> [RECORDS PROVIDED]:
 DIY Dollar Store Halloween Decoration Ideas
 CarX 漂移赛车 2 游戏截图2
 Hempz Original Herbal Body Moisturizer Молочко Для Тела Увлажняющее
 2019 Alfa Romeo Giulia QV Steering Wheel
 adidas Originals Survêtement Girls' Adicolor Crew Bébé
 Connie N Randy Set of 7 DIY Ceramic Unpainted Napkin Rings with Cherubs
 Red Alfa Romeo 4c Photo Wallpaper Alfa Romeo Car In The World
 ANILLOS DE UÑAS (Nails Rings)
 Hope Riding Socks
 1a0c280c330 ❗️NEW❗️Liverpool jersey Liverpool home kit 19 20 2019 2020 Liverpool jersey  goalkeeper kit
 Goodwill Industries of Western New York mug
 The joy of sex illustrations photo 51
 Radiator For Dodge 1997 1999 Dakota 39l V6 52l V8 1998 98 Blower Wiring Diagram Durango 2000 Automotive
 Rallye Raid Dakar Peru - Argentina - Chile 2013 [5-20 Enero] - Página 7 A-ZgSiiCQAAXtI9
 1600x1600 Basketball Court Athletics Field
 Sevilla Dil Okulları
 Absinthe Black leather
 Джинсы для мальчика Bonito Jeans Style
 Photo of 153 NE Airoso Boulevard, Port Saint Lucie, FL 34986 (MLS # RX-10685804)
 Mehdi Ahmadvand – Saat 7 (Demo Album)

> [DIRECTIONS]: Each line of the material with the word "Romeo" in it should be listed.

> [YOUR RESPONSE]:
 2019 Alfa Romeo Giulia QV Steering Wheel
 Red Alfa Romeo 4c Photo Wallpaper Alfa Romeo Car In The World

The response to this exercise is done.